Add Shine to your Data Science Resume with these 8 Ambitious Projects on GitHub

Pranav Dar Last Updated : 14 Jun, 2020

8 min read

Overview

Here are eight ambitious data science projects to add to your data science portfolio
We have divided these projects into three categories – Natural Language Processing, Computer Vision, and others

Introduction

There are multiple ways of learning data science. We can go through courses, pour through books, or sift through articles. All of these lack one fundamental thing, however – practice.

It all comes down to how much conceptual knowledge are you applying on a daily basis. That is what will improve, enhance and build your data science career (and consequently your chances of landing a data science role).

Did you know that top tech behemoths open source a lot of their code on GitHub? It’s a brilliant way of applying and learning data science – pick up the open-source code, understand it, play around with it, and build your own model!

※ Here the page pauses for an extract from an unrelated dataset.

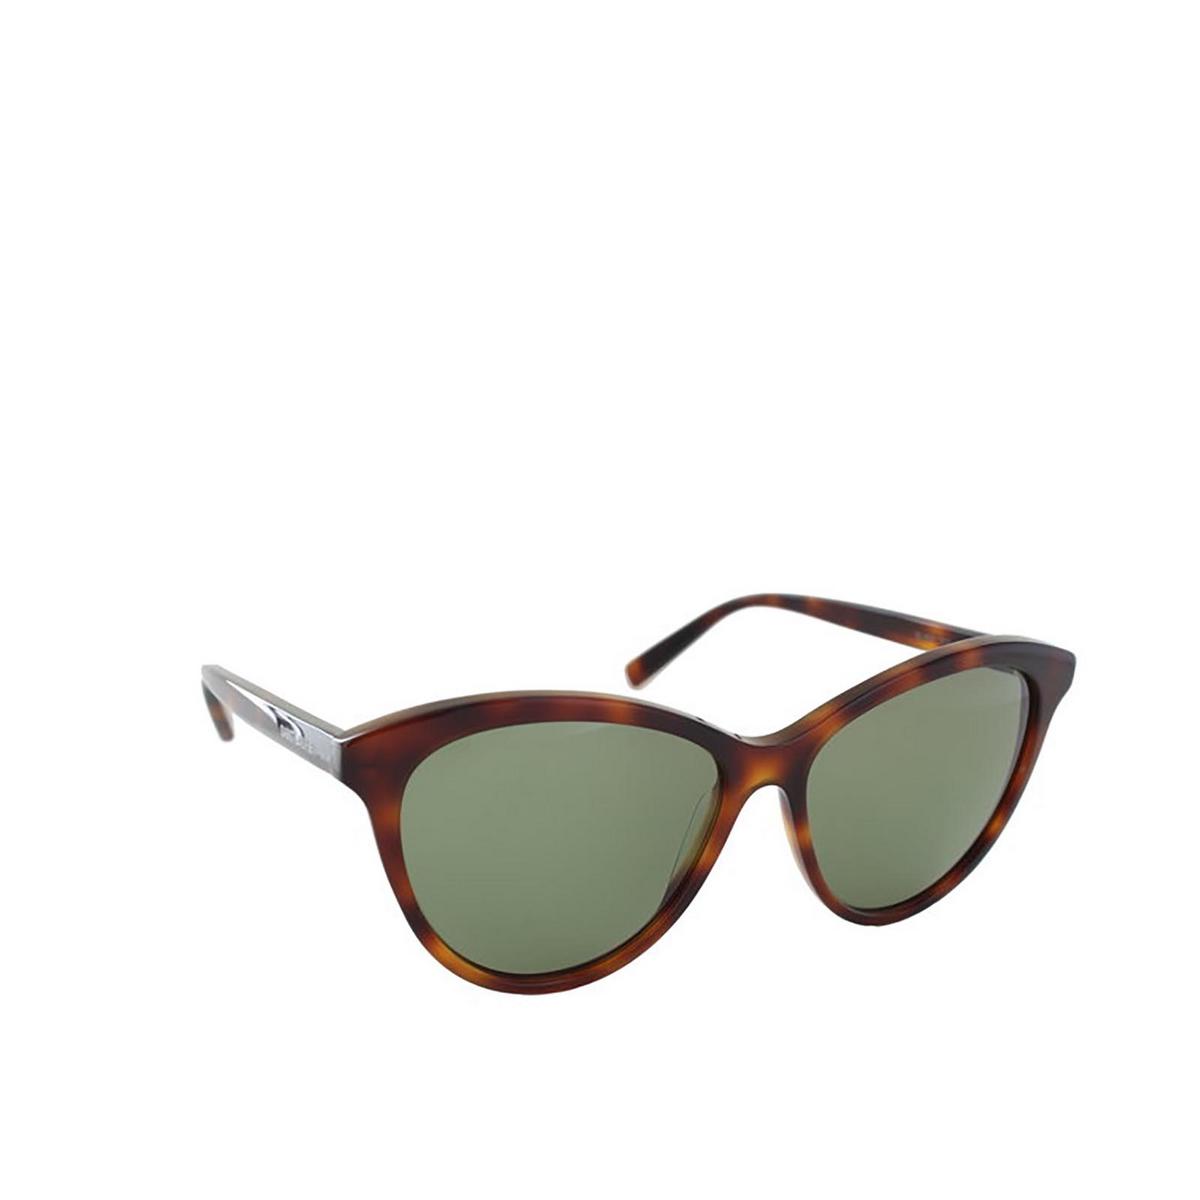 Saint Laurent® Cat-eye Sunglasses: SL 456 color Havana 002 - three-quarters view.
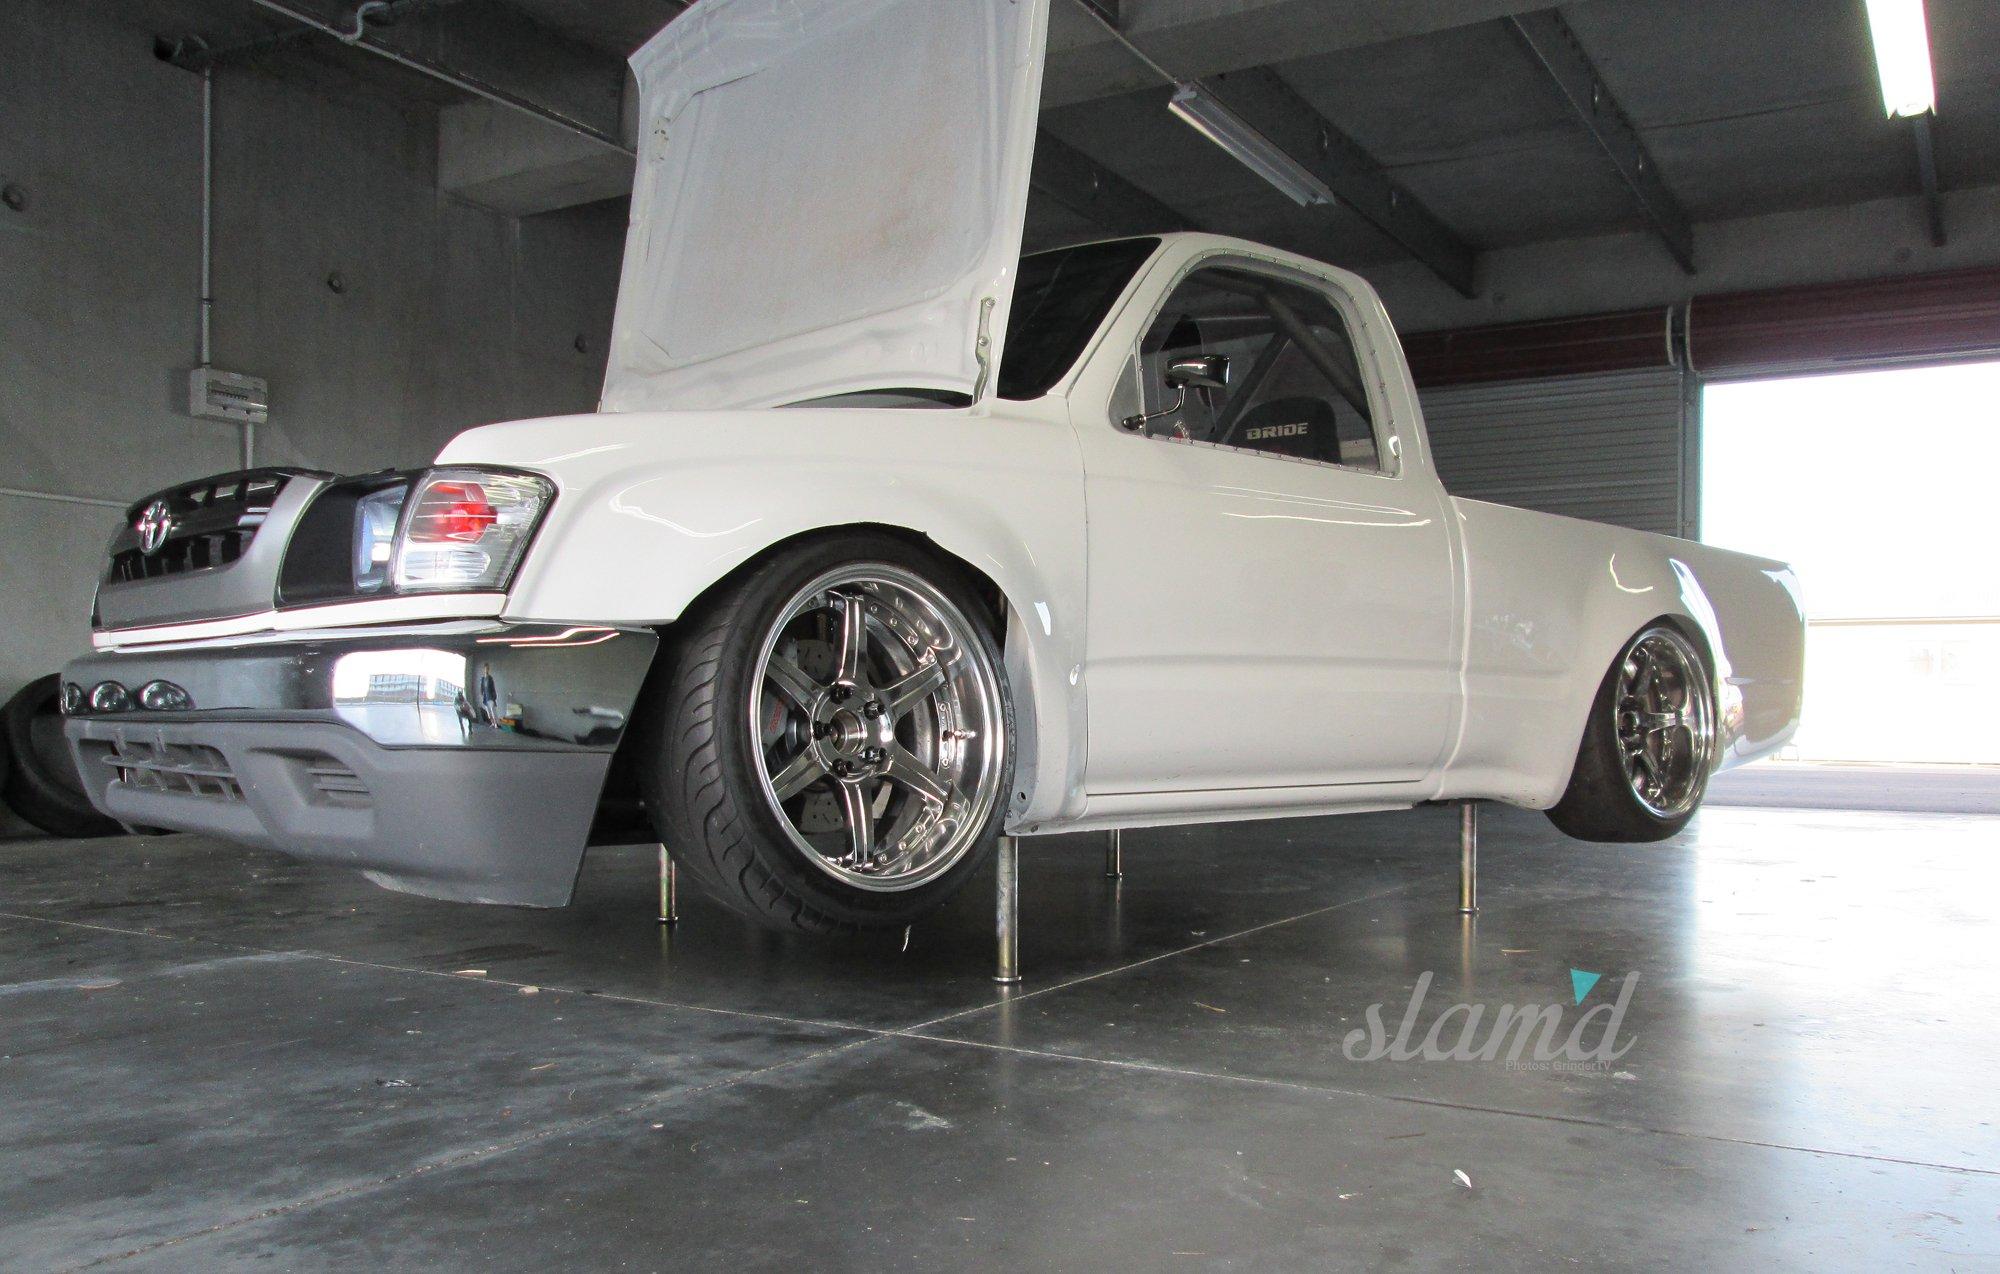 Lowrider Car Wallpaper 2001 Toyota Hilux Tacoma Pickup Lowrider Drift Custom

So in this article, I have put together eight ambitious data science projects for you to immediately get your hands on. I have broadly divided them into three categories – Natural Language Processing (NLP), Computer Vision, and others that don’t fall into the above two sections.

This article is part of the monthly GitHub project series we host on Analytics Vidhya. Here’s the full list for 2019 in case you missed out on some mind-blowing projects:

Our Pick of 8 Data Science Projects on GitHub (September Edition)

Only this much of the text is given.